Butterfly Weed is fiction, but Vance Randolph appears in it, both as a real person and, because of the treatment of the episode, as a fictional character. Harington has also published an impressive book of “nonfiction,” Let Us Build Us a City: Eleven Lost Towns, which is a travel and history book but also a novel. And I suggest that it should be regarded as a companion novel, or even as a sequel, to Place.
To illustrate: In recounting the hi
story of Mound City, Arkansas, Harington tells the story of America’s worst maritime disaster, the loss of the Sultana. The sinking of this troop ship, which was returning soldiers northward home in 1865, resulted in more casualties than did the sinking of the Titanic. The author rises to the occasion with a splendid set piece centered around the figure of a “paroled” prisoner of the Confederacy, Sam Dunlap. Dunlap had enlisted in Tennessee, was captured, and is now free on condition that he “never fight against the Confederacy again” (272). On board the Sultana he encounters a passenger he calls “Miss Adeline” and for whom he develops a hopeless romantic longing.

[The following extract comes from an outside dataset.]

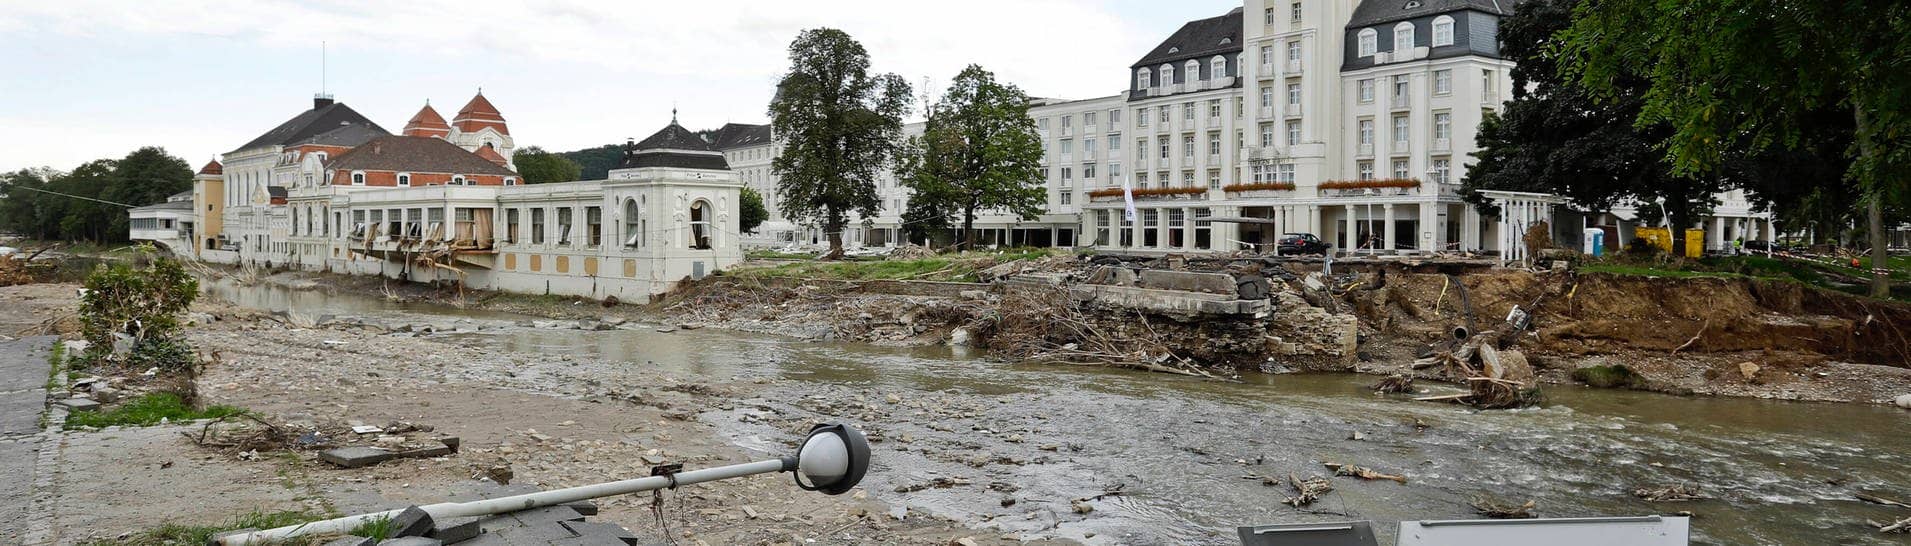 Von der Flut Mitte Juli verursachte Schäden am Flussufer in Bad Neuenahr. Im Hintergrund links das Kurhaus und rechts das Hotel am Kurpark mit seinem markantem Turm.  (Foto: IMAGO, imago images/Reiner Zensen)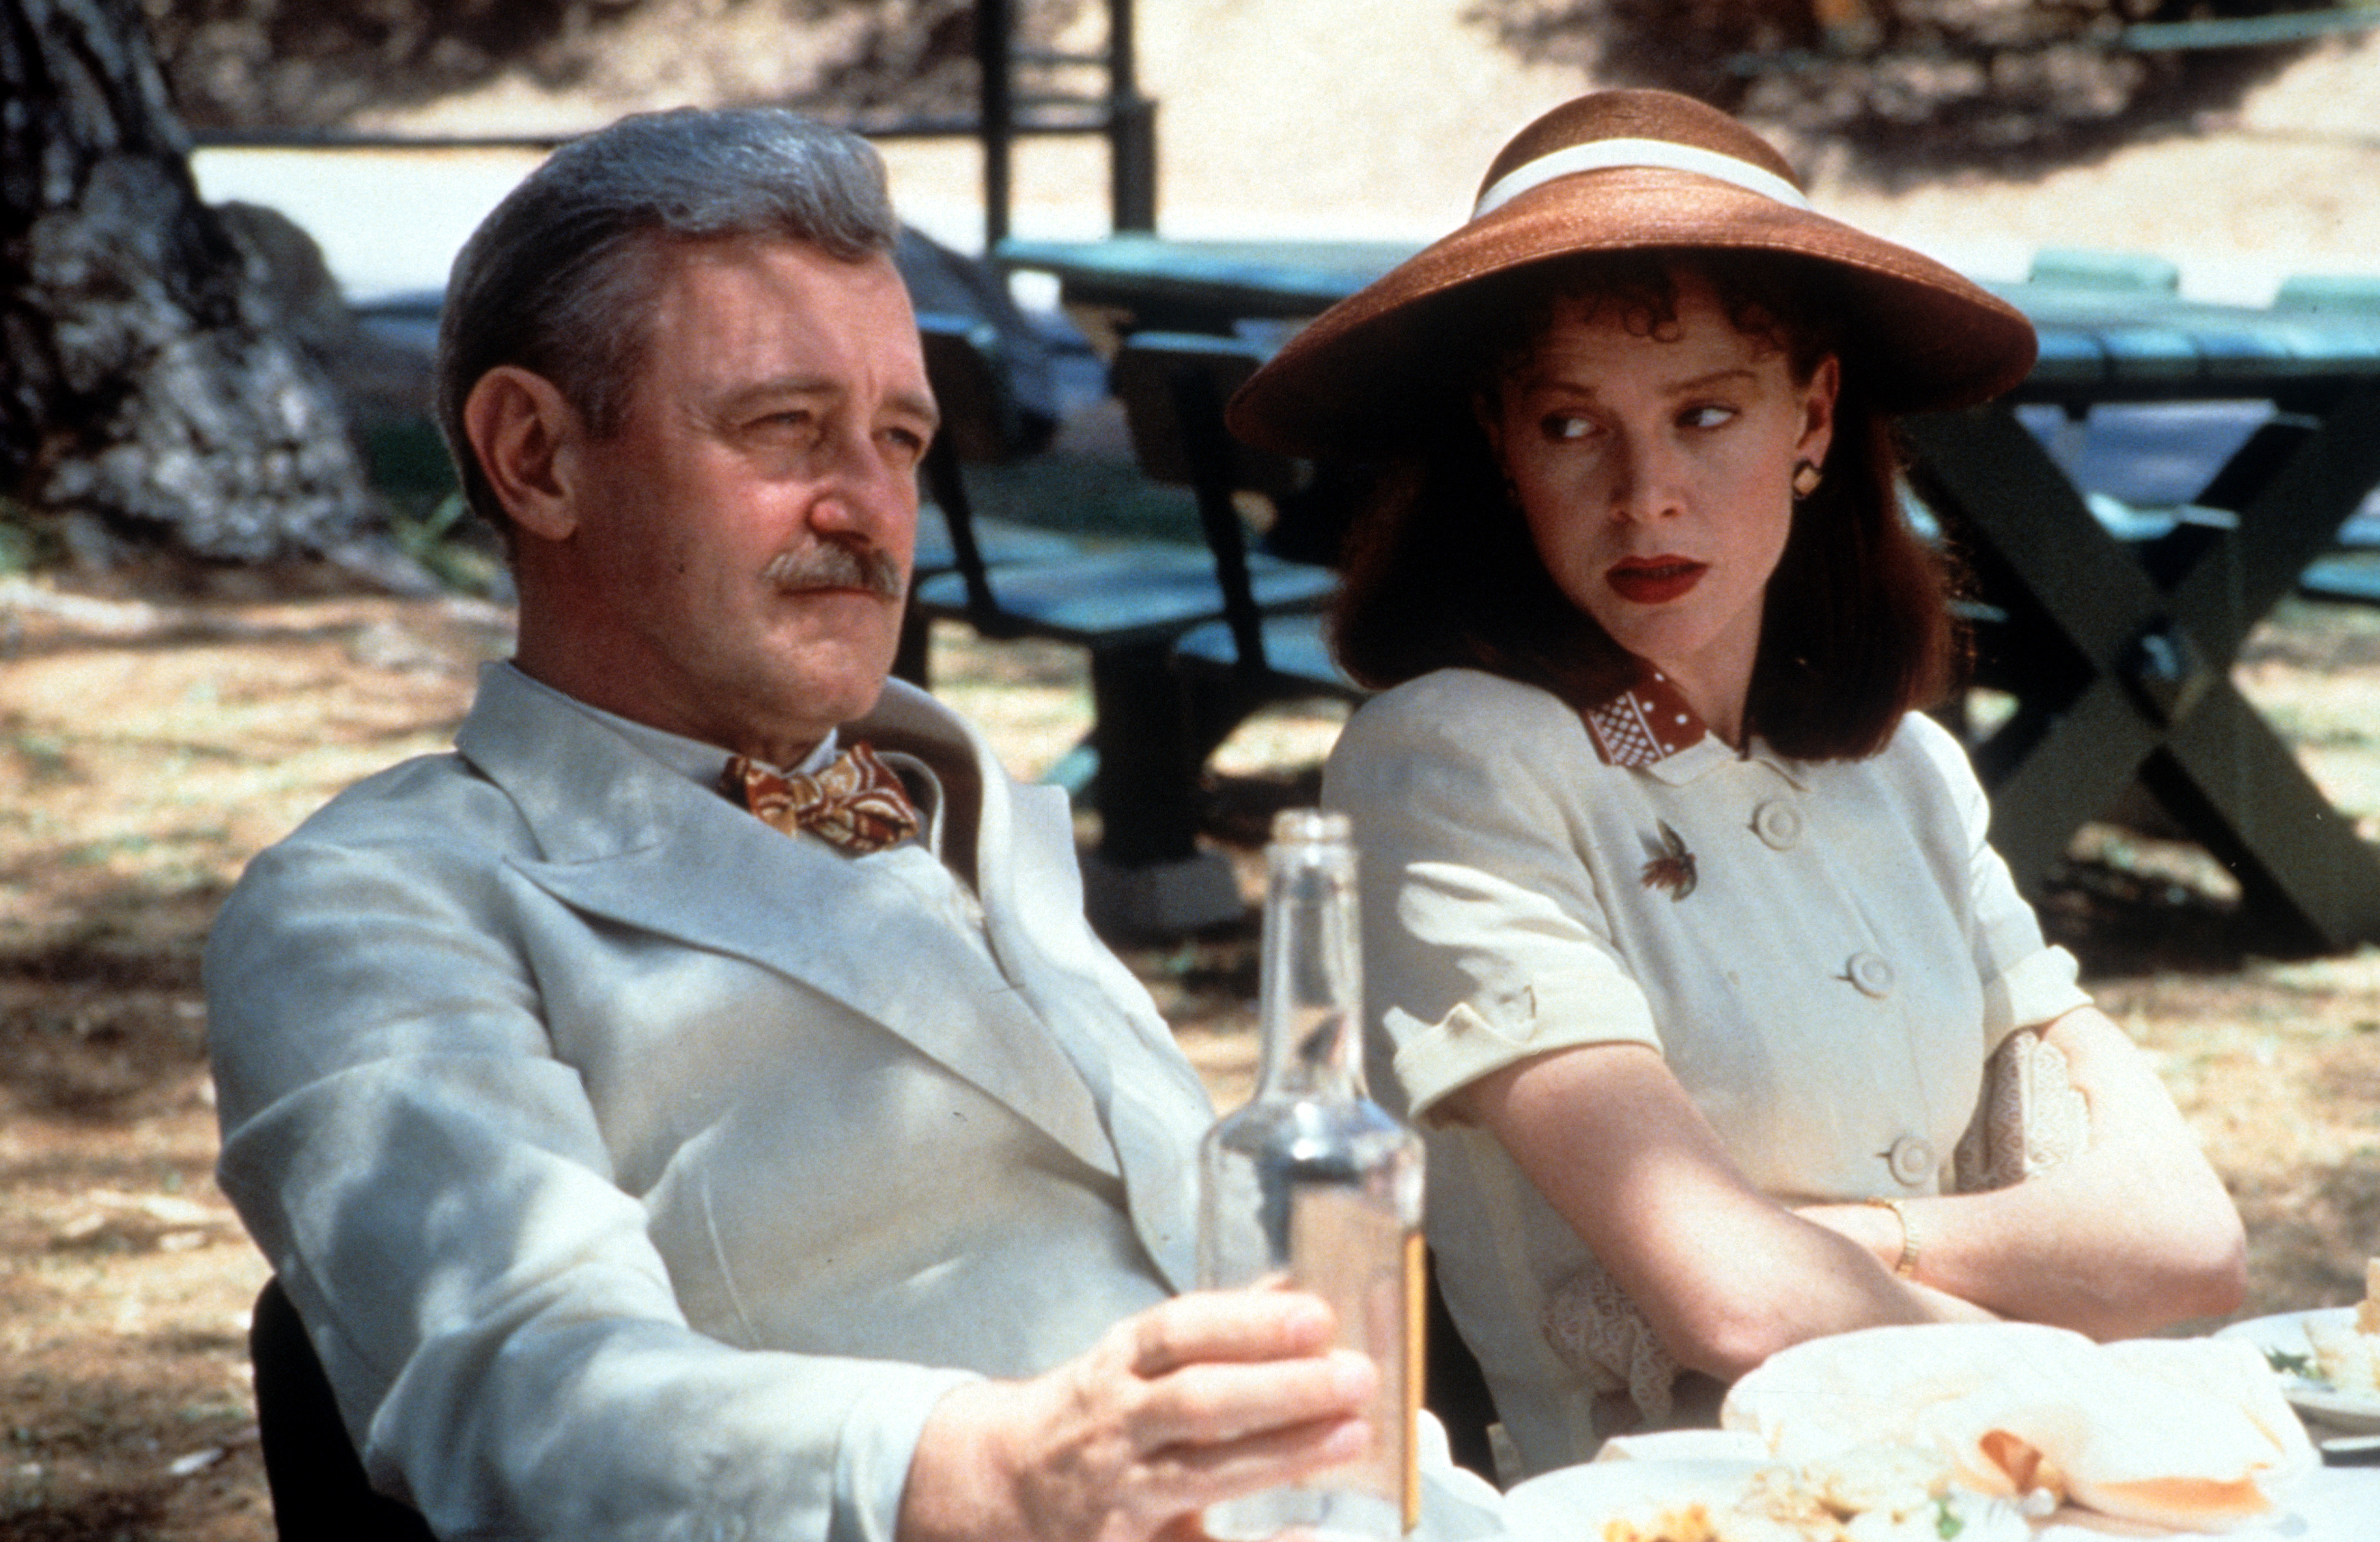 Still of Judy Davis and John Mahoney in Barton Fink (1991)

In the hour of destruction, the boilers explode and, with the ship on fire, Dunlap saves Miss Adeline from drowning. In the shelter of an islet, tortured horribly by mosquitoes, he proposes marriage and is accepted. But in the confusion of the rescue they are separated. After he recovers from the ordeal, Dunlap searches for Adeline but is unsuccessful. He never sees her again.
The story of Sam Dunlap is one of the most striking of many striking stories in City. But it is a fabrication; it is fiction. Harington made up the whole episode and has confirmed this fact in a personal letter addressed to me dated 10 July 1999. In this missive, he avers that most of the other accounts are true and that he did not invent any of the lost towns the book records. His description of City is similar to the way Huckelberry Finn speaks of Mark Twain’s writing of Adventures of Tom Sawyer, namely that “he told the truth, mainly. There was things which he stretched, but mainly he told the truth.” So we may read City as being “mostly a true book; with some stretchers, as I said before.” Not that Harington was really trying to deceive anyone. The jacket copy describes City as “a luminous blend of history, folklore, contemporary Americana, and a gentle, moving love story.” Promotional material like jacket copy is not admissible as literary evidence, but in this case it does describe closely the contents of the book. Even so, the inclusion of a fabricated episode and the employment of a few stretchers does not turn a travel history into a novel. Such a transformation requires novelistic structure.